With all the posturing in the recently released Kenya Aids Indicator Survey (2012) about mass male circumcision, whether performed in completely unsterile conditions found in traditional settings or the (hopefully) more sterile settings of health facilities, nothing was mentioned about hepatitis B or C. But an article in the East African describes a piece of research carried out by the Kenya Medical Research Institute into hepatitis B (HBV) which finds that prevalence is increasing.
Amazingly, the article admits that the “modes of transmission [for HBV] are similar to HIV — sexual transmission, contaminated blood products and mother to child transmission”; it is “passed from person to person through bodily fluids such as blood, semen or vaginal fluids”. Following a recent paper on HIV transmission through medical injections, it is very important to stress that HIV, like HBV, can be transmitted through non-sexual routes, such as unsafe healthcare, cosmetic and traditional practices.
The article is equally frank about the lack of research into HBV in Kenya: “scientists say the reason for the rise in HBV in Kenya is still unknown since no scientific study has been done to explain the phenomenon”. In contrast, the HIV industry is a lot less frank about non-sexual HIV transmission, even though the country’s Infection Control Policy admits that “Epidemiological data on HAIs [Healthcare Associated Infection] in Kenya is currently lacking, but the risk for HAIs is high”. Slowly, some of these glaring gaps in research are being filled in, though the HIV industry displays a confidence that seems entirely unjustified.
Importantly, HBV among blood donors in Kenya is rising. Are those donating their blood being exposed to contaminated medical instruments through the blood transfusion services? The Kenyan Blood Transfusion Service is not able to supply enough blood to keep up with current demand, so they would need to make sure that people who donate are not being put at risk of infection with HBV or other blood borne viruses. While no one would want to scare people away from health facilities or from blood donation, keeping risks a secret would surely be a lot worse, wouldn’t it?
The article suggests that the counties finding high rates of HBV are in the Northern parts of Kenya (which often have the lowest HIV rates). It is suggested that “The likely causes of HBV in the region are cultural practices like tattooing, circumcising without using sterilised implements and because the regions are dry and people may not be able to get proper nutrition that ensures strong immunity.” As usual, there is a reluctance to ask if health facilities might also be somewhat responsible; does that mean these facilities will not be investigated, and that conditions, if unsafe, will not be improved?
There are various hepatitis related campaigns, but are WHO and other international health institutions going to ensure that all the people involved in the country’s mass male circumcision programs, will be protected from infection with HBV and hepatitis C virus (HCV) as well? WHO makes vague claims about huge proportions of HBV and HCV being transmitted as a result of unsafe healthcare. But what exactly are the figures for ‘priority’ mass male circumcision countries? Again, it’s likely that healthcare safety is more of a risk in these ‘priority’ countries, some of the poorest countries, with amongst the lowest levels of healthcare spending in the world, than it is in Western countries; why are we only given one, generalized figure, when the viruses must be much more prevalent in some countries than others?

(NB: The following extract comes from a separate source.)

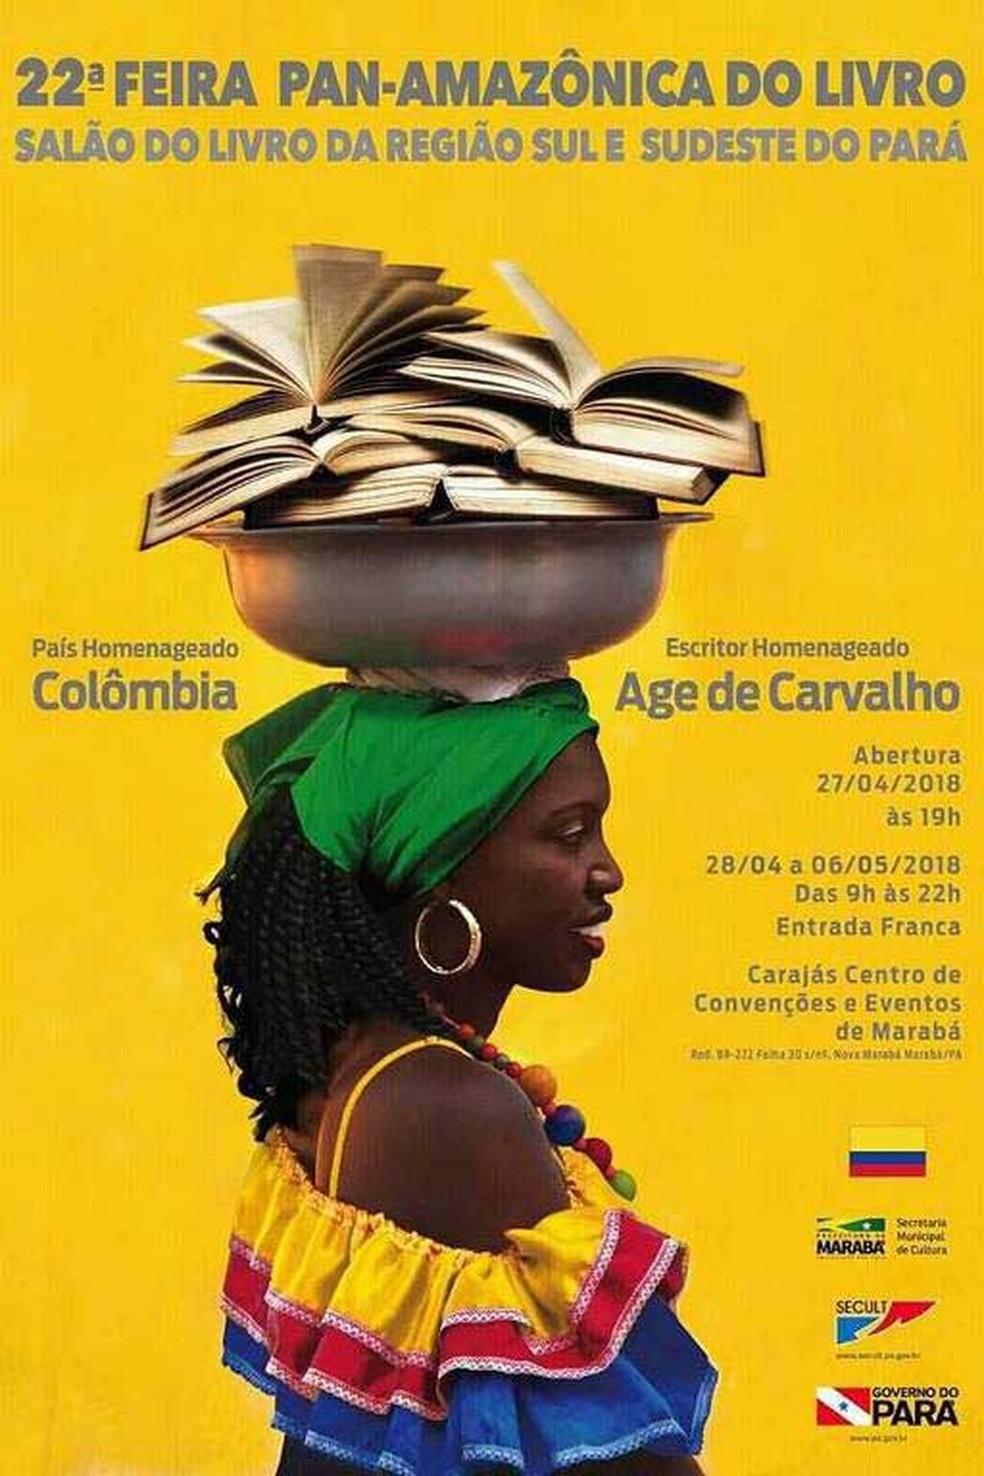 Cartaz de evento da Feira do Livro é alvo de críticas apontando racismo em representação de mulher negra carregando livros. (Foto: Reprodução / Secult)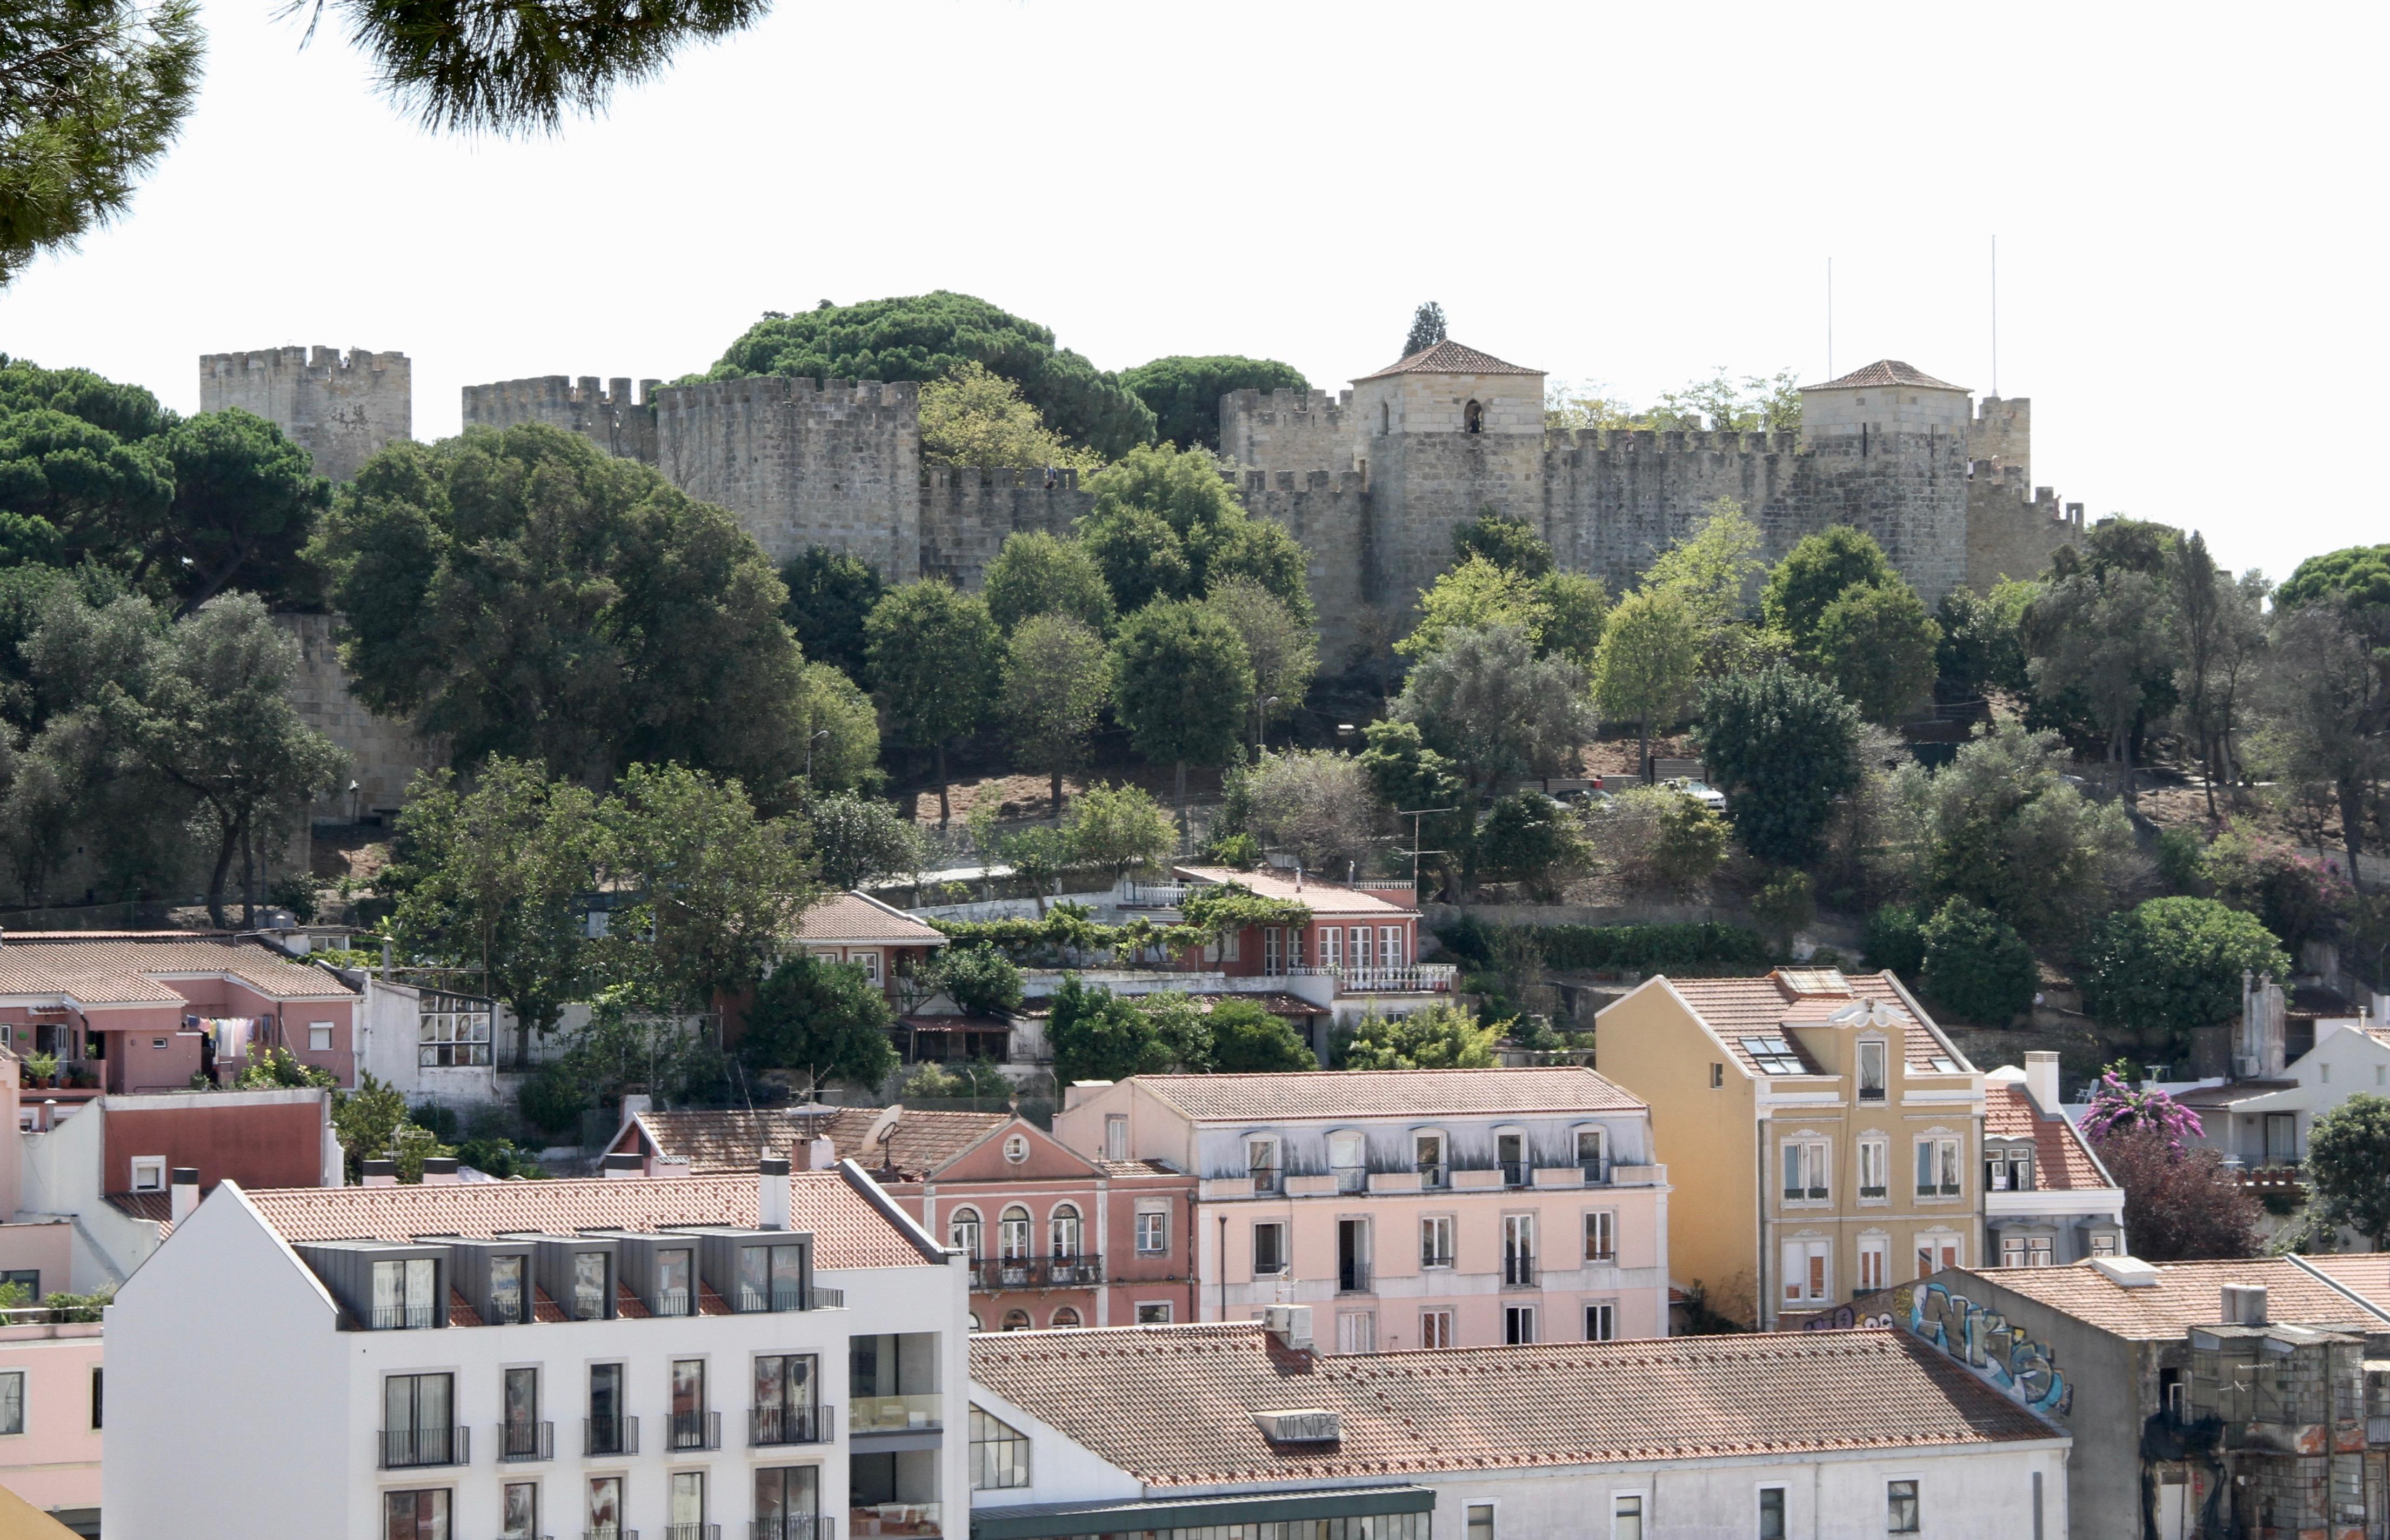 O Castelo de São Jorge que fica no topo de uma colina com vista para o centro de Lisboa, Portugal, no domingo, 15 de setembro de 2019.

Egypt, as (just one) example of a country with a serious hepatitis problem, has seen the figure for years of life lost (YLL) through HBV increase by 3,930% in the 20 years from 1990 to 2010. Liver cancer has increased by 361% in the same period. Cirrhosis has increased by 40% to become the number three cause of YLL, accounting for 1,127,000 YLLs, or 7.1% of all YLLs. Whether the almost 100% prevalence of circumcision in the country contributes to these figures is another question, but it shows what can happen in a country where there is a very high level of access to healthcare, yet where healthcare safety is not adequately addressed. One of the main reasons HCV prevalence is higher in Egypt than anywhere else in the world is because of schistosomiasis vaccination programs, which were carried out using inadequately sterilized glass syringes.
Reusable syringes and needles are no longer commonly used, but the WHO data shows that there is still a problem with unsafe injection practices. So the last thing high HIV prevalence African countries need is a vastly increased risk of bloodborne virus transmission through unsafe healthcare, whether this involves reuse of injecting equipment or other items that are used to pierce the skin during healthcare procedures. Mass male circumcision programs will likely increase the incidence of unsafe healthcare practices, including injections, and the WHO’s claimed benefits in terms of averted infections may not be enough to outweigh the risks involved.
Even if levels of protection against sexually transmitted HIV outweigh the risks, and this is highly debatable (and debated, outside of the HIV industry), what about the risks of infection with HBV, HCV or other bloodborne pathogens, including HIV, during the circumcision procedure itself? Some recent research has questioned the safety of Kenya’s health facilities. There are clearly more risks than those pushing the circumcision programs would like to admit; so will those who succumb to HIV industry pressure be advised of those risks? I suspect they will not.